NCSU scientists help discover fossil of prehistoric turtle in Colombia

jprice@newsobserver.comMay 18, 2012 

— A team of paleontologists including scientists from N.C. State University has discovered the fossil remains of a new species of dining table-size freshwater turtle that apparently lived side-by-side with the 50-foot snakes and super-size crocodiles that they had found earlier in the same Colombian coal mine.

Carbonemys cofrinii, or “coal turtle,” was well over six feet long from nose to tail. It represents a rapid increase in size from the largest known to have lived just before it, which were about two feet long. That makes it an intriguing piece of the evolutionary puzzle.

In part, said the scientists, that growth spurt may have been a Darwinian strategy to fight off the giant crocs by making the turtle simply too big for dinner.

“It was so large that it may actually have been chomping on some of the smaller crocodiles itself,” said Dan Ksepka, an NCSU paleontologist and a research associate at the N.C. Museum of Natural Sciences. “Once it grew to its full size, nothing much was going to be able to eat it.”

The shell of the turtle they found had bite marks from a couple of crocodile attacks, but none that came close to piercing the thick carapace. The head was equipped with surprisingly large and powerful jaws.

Ksepka and NCSU doctoral student Edwin Cadena were among the authors of a research paper on the turtle published Thursday in the Journal of Systematic Paleontology.

Cadena was scouting for fossils in 2007 in the Cerrejón mine in northern Colombia when he spied part of the turtle’s shell protruding from clay-based rock about 120 feet down in the pit.

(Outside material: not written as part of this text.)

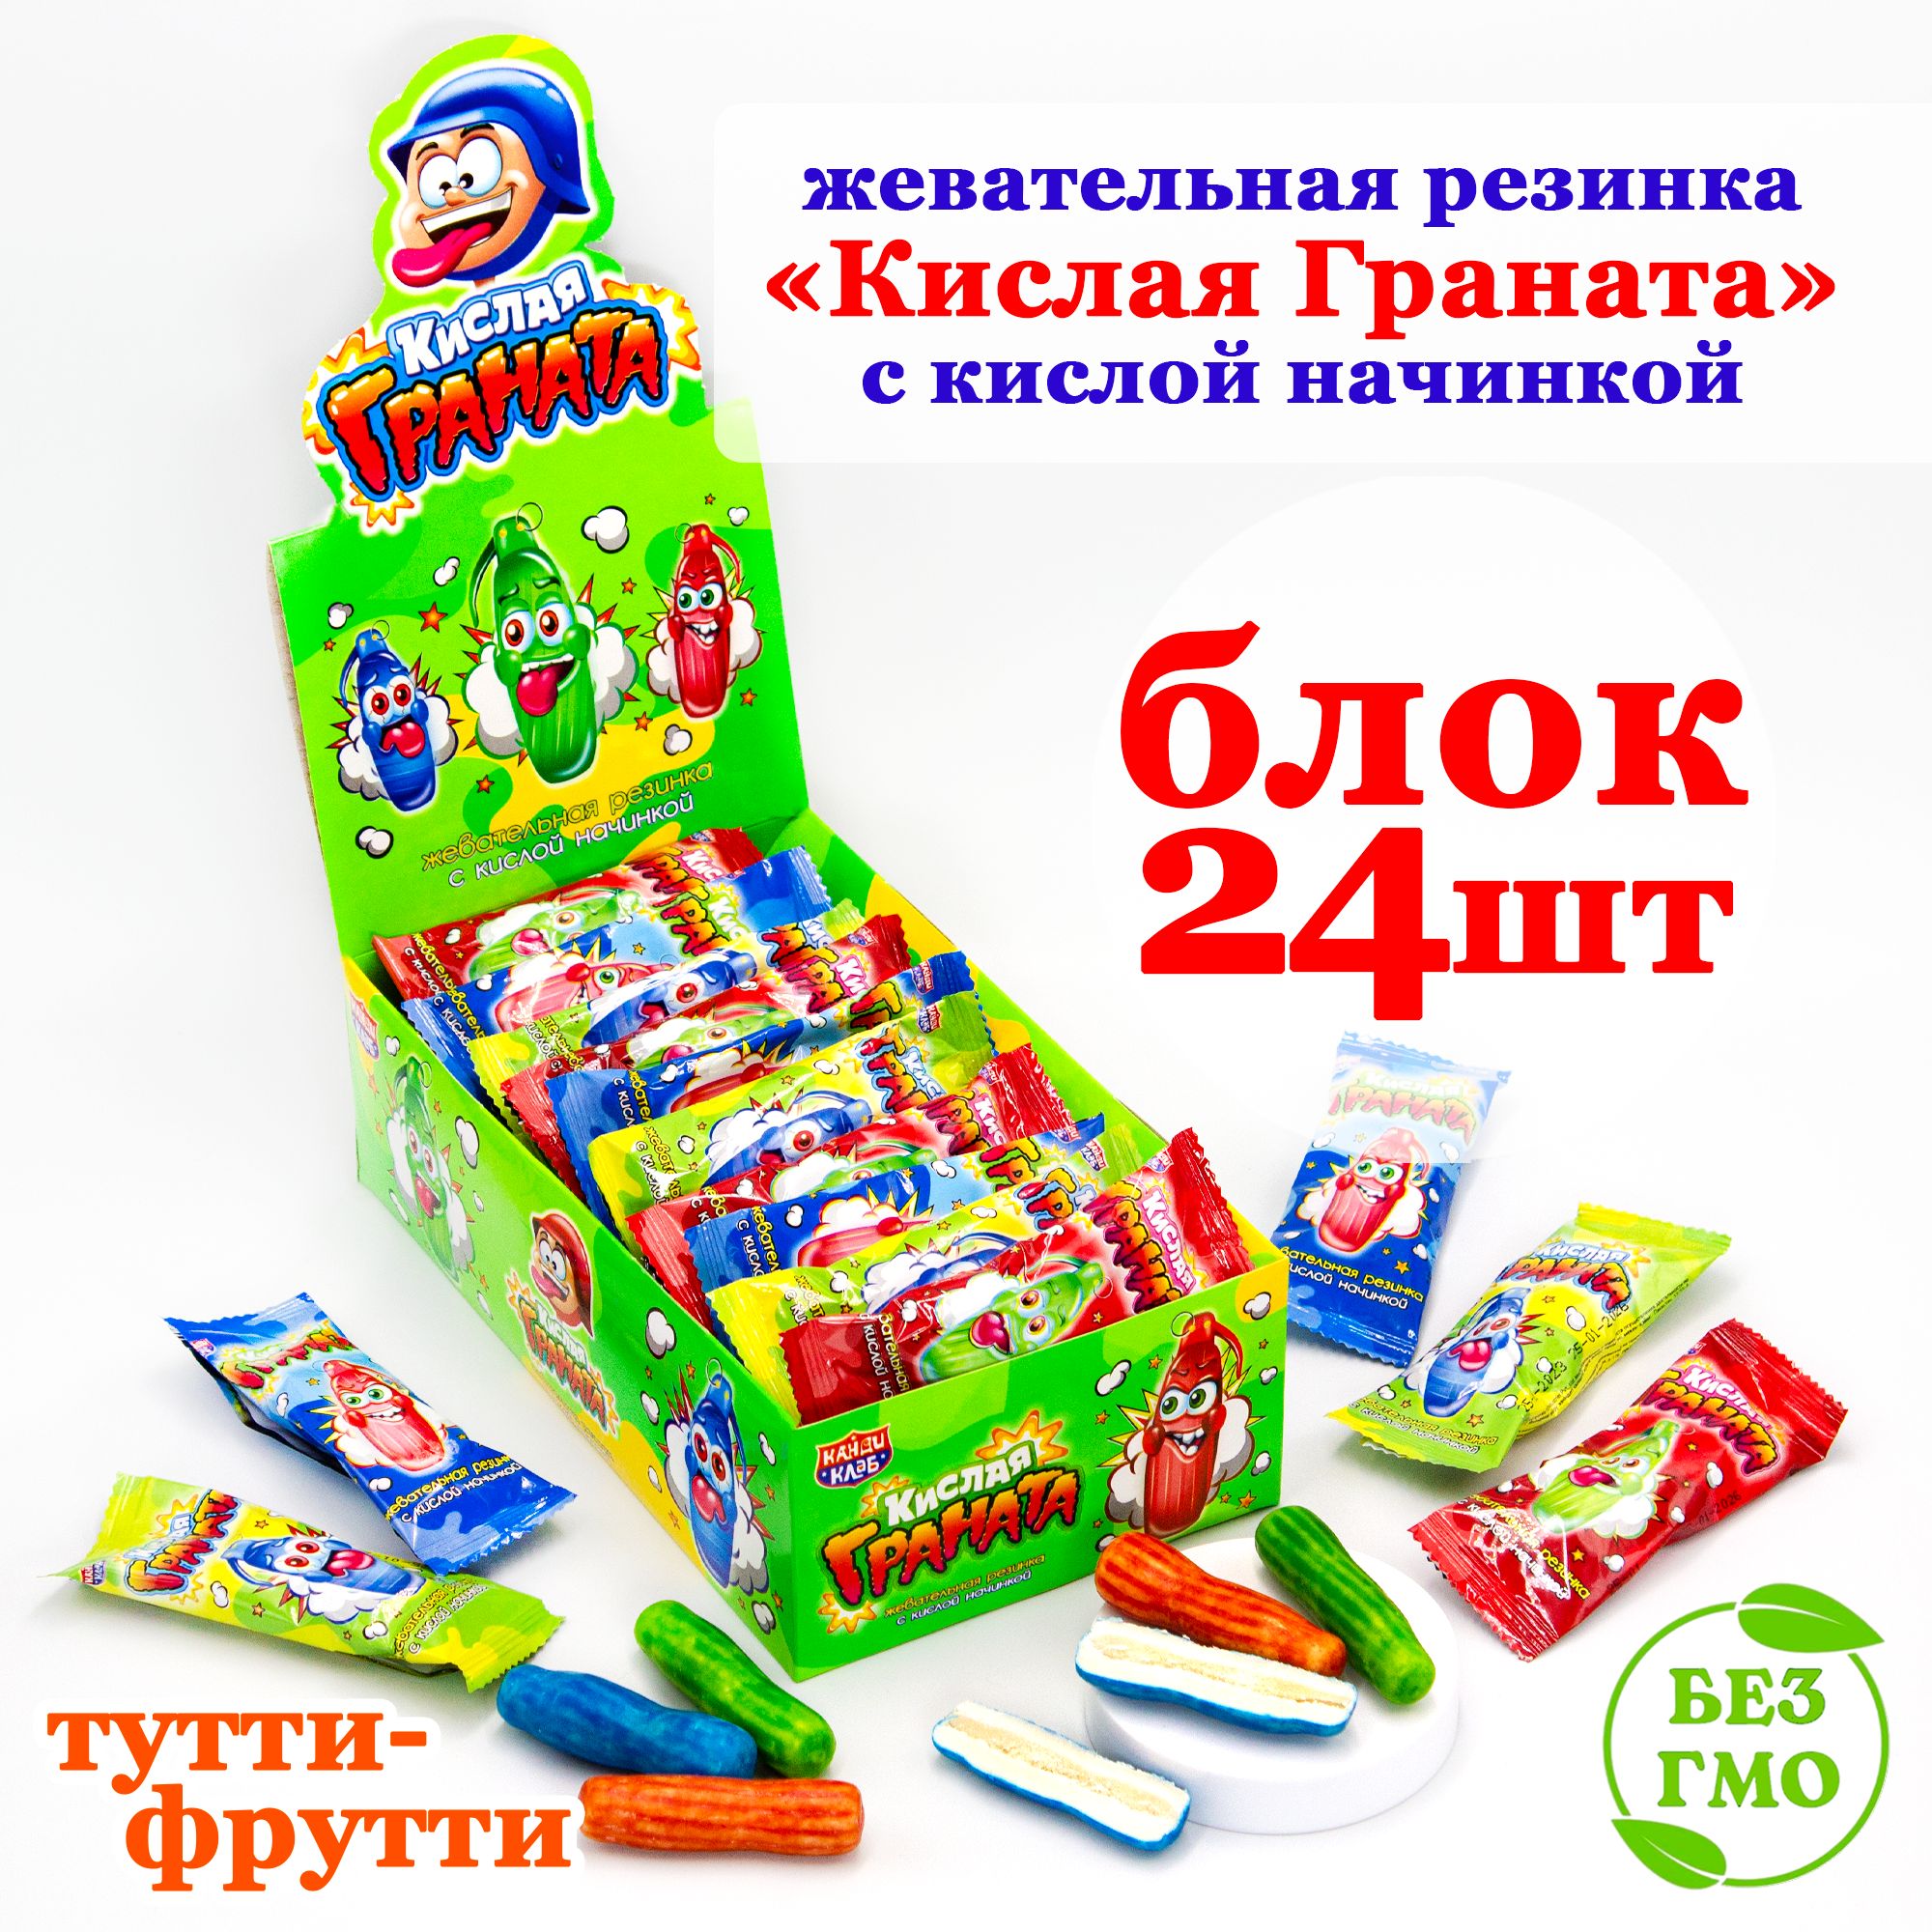 Россиян в очередной раз предупредили о росте цен на сладости
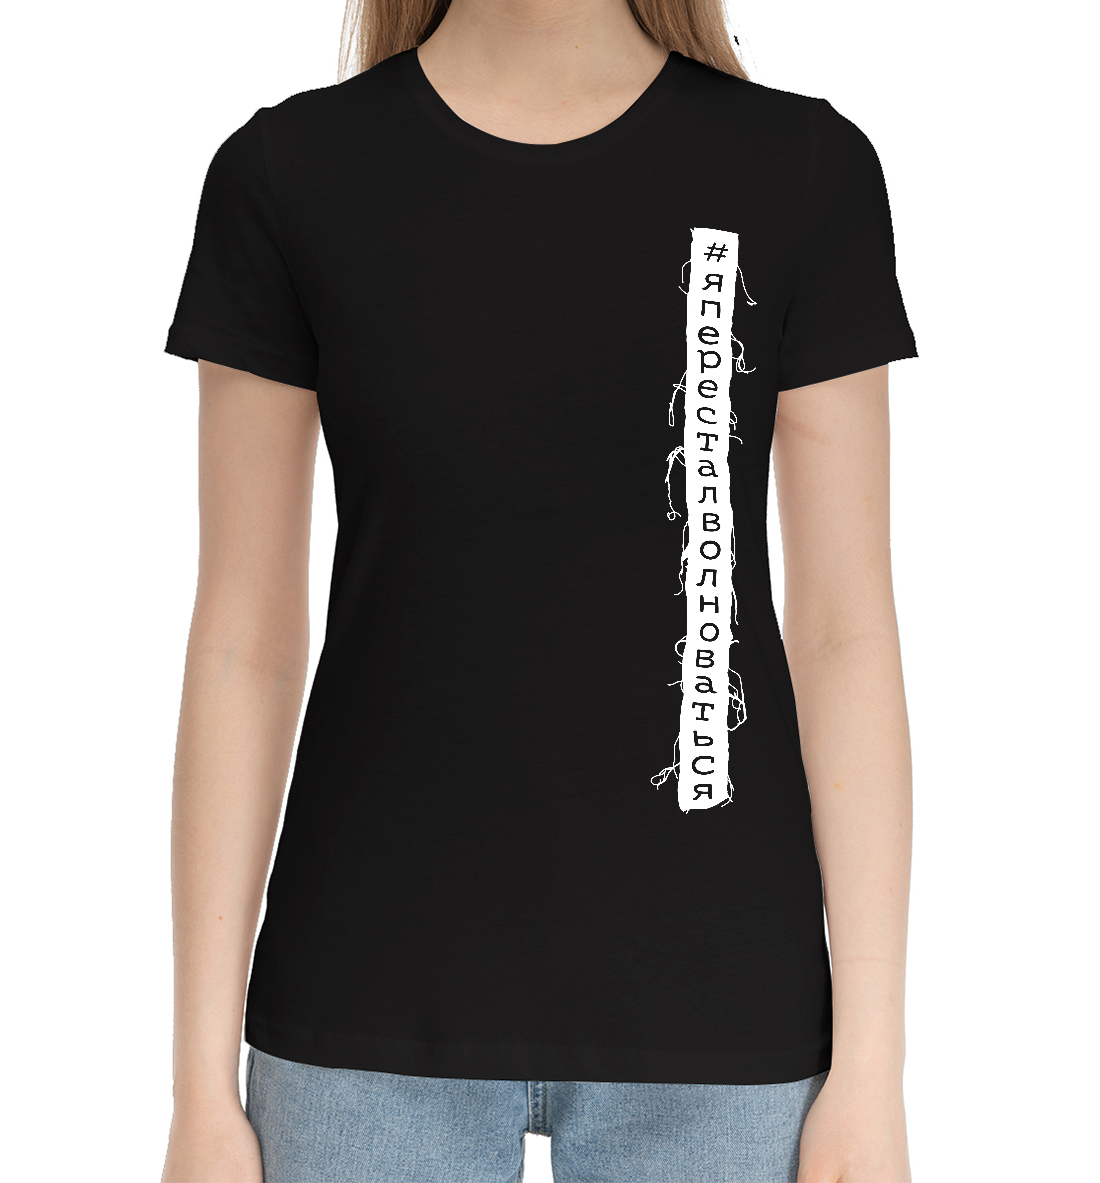 Женская Хлопковая футболка с надписью #Япересталволноваться, артикул APV-840671-hfu-1mp

It took six days of painstaking labor with a hand broom and a screwdriver to uncover the full remains of the shell.

“It was only when I was finished do I see that it was something different than we had found before,” he said.

The two NCSU scientists have a facility for discovering outsize species. Ksepka was part of a team that found the remains of giant penguins in New Zealand.

Cadena, meanwhile, had discovered bones from the giant snake in 2005 in the same coal mine, though he initially believed it was a crocodile fossil. The snake – Titanoboa cerrejonensis – a water-dwelling constrictor, weighed an estimated 2,500 pounds and was more than a yard in diameter.

The open-pit mine is among the world’s largest, at 30 miles long by five miles wide. The turtle, snake and two large species of crocodiles found there lived about 60 million years ago, in the late Paleocene period.

The team of scientists, which includes representatives from the Smithsonian Tropical Research Institute in Panama and the Florida Museum of Natural History, is interested in the flora and fauna that lived there during that time not just because of their size, but because they are part of an explosion of species in the tropics.

“Maybe we can understand more about why the tropics are so diverse now if we can build a good record to help us understand what happened then,” Cadena said.

It was an interesting time. The dinosaurs had just died off, and global temperatures rose to about 11 degrees warmer than today. The warmer temperature, Cadena said, almost certainly helped make the size of the turtle possible.

Scientists have all kinds of questions about the plants and animals of that time and place, but paleontology can be difficult in the region because so much is covered by jungle. That makes the outsize coal mine an extraordinary window into the tropical past: It offers both a deep look under the soil of the region and a broad one, too.

“You can look at kilometers and kilometers of the same time layer,” Cadena said.

The information that they hope to glean from the turtle and other species found there could help understanding not only of the evolution of that time and place, but also how different species react to changes in global temperature.

That could be crucial in helping develop practical plans for dealing with the effects of global warming, he said, by helping understand which species are most likely to be affected.

Only one freshwater turtle species is known to have grown larger, by a couple of feet. An example of that one was found in Venezuela; it lived just 5 million to 6 million years ago.

The two are related, and Cadena said paleontologists are looking for others that lived in the tens of millions of years between them. That would close a massive gap in the understanding of turtle evolution and yield perhaps more information on how the turtles evolved as the climate cooled.

The scientists also expect to find more examples of the species they’ve already discovered.

“Probably,” said Cadena, “there are bigger ones waiting for us.”